A great display of beautiful quilts.
There are more photos of the show in my Photobucket album.
Here I am at my table, ready to start.
This is my display board. I am so grateful to my hubby for finding some pegboard panels for me – this turned out to be ideal for hanging my mirrors and prints, and it took the rest really well with Blue Tack.
As you can see, I tried to display as much variety as I could – my mixed media mirrors (for further details, click on “Mirrors” in the RH sidebar of my blog – there are several posts), ATCs (likewise), pages from my ongoing mixed media Fine Art Album project, some experimental pieces, small paintings, and prints of my zentangle art – I printed these on semi-gloss photographic paper and am very pleased with the quality, and the intensity of the colour.
As I worked on my demo pieces, lots of people came up to watch and to chat, and ask me about my work.
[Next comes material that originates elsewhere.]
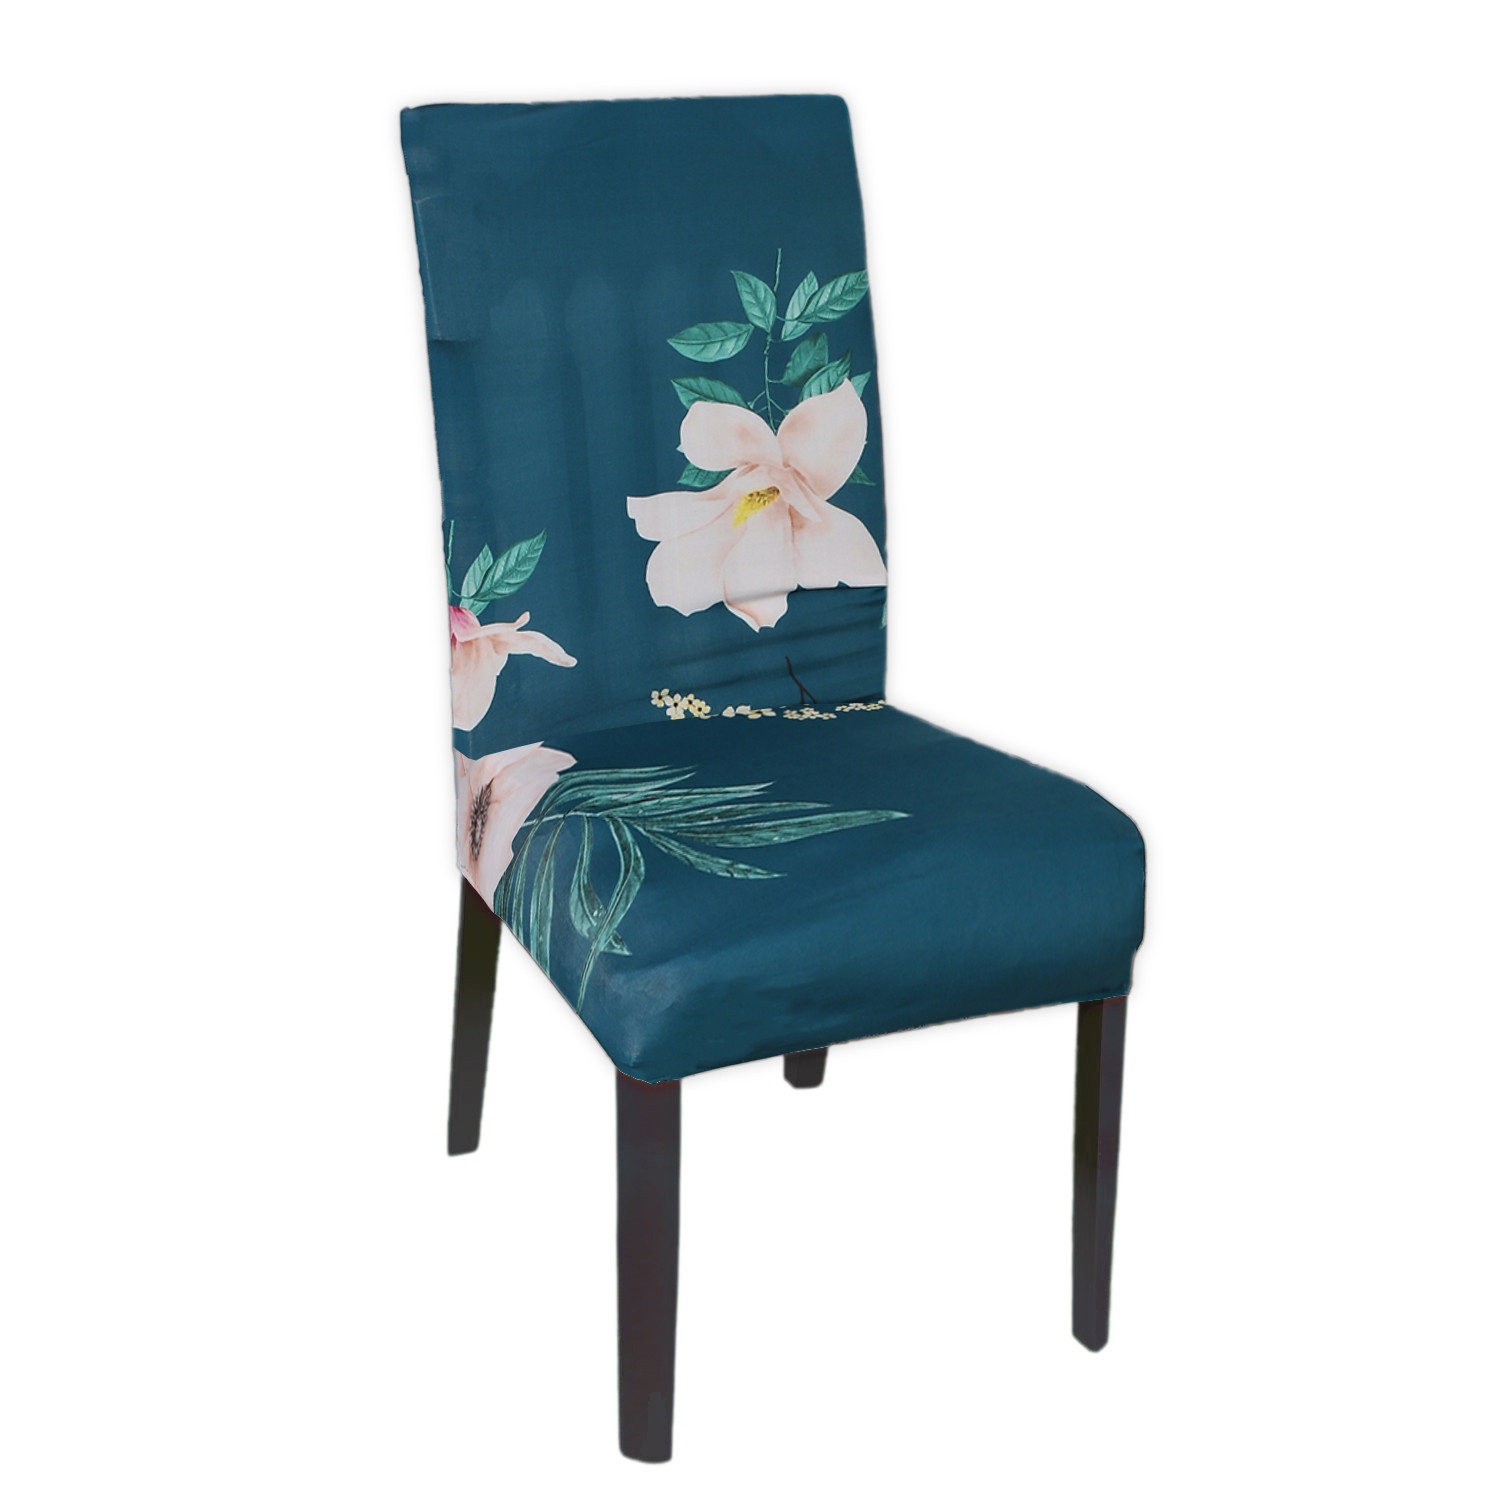 Kuber Industries Floral Print Elastic Stretchable Polyester Chair Cover For Home, Office, Hotels, Wedding Banquet (Green) 54KM4327

On the far left of my table, beside the zentangle print, are the cards and coasters. As well as offering these black and white zentangle cards for sale, I also managed to make up nearly 2 dozen coloured ones. I shall be doing a separate post about these in due course.
Of all that I had on offer, I only managed to sell nine cards, unfortunately, but at least my work got some exposure, and I had great fun being creative all day, so it was worth it!
Now for some photos of the work I did during the day. Most of these were small in size so that I could demonstrate several different techniques, and as usual I worked on ATC-sized card much of the time, as any successful samples can then be used for actual ATCs, and anything not successful won’t break the bank because hardly anything has been used!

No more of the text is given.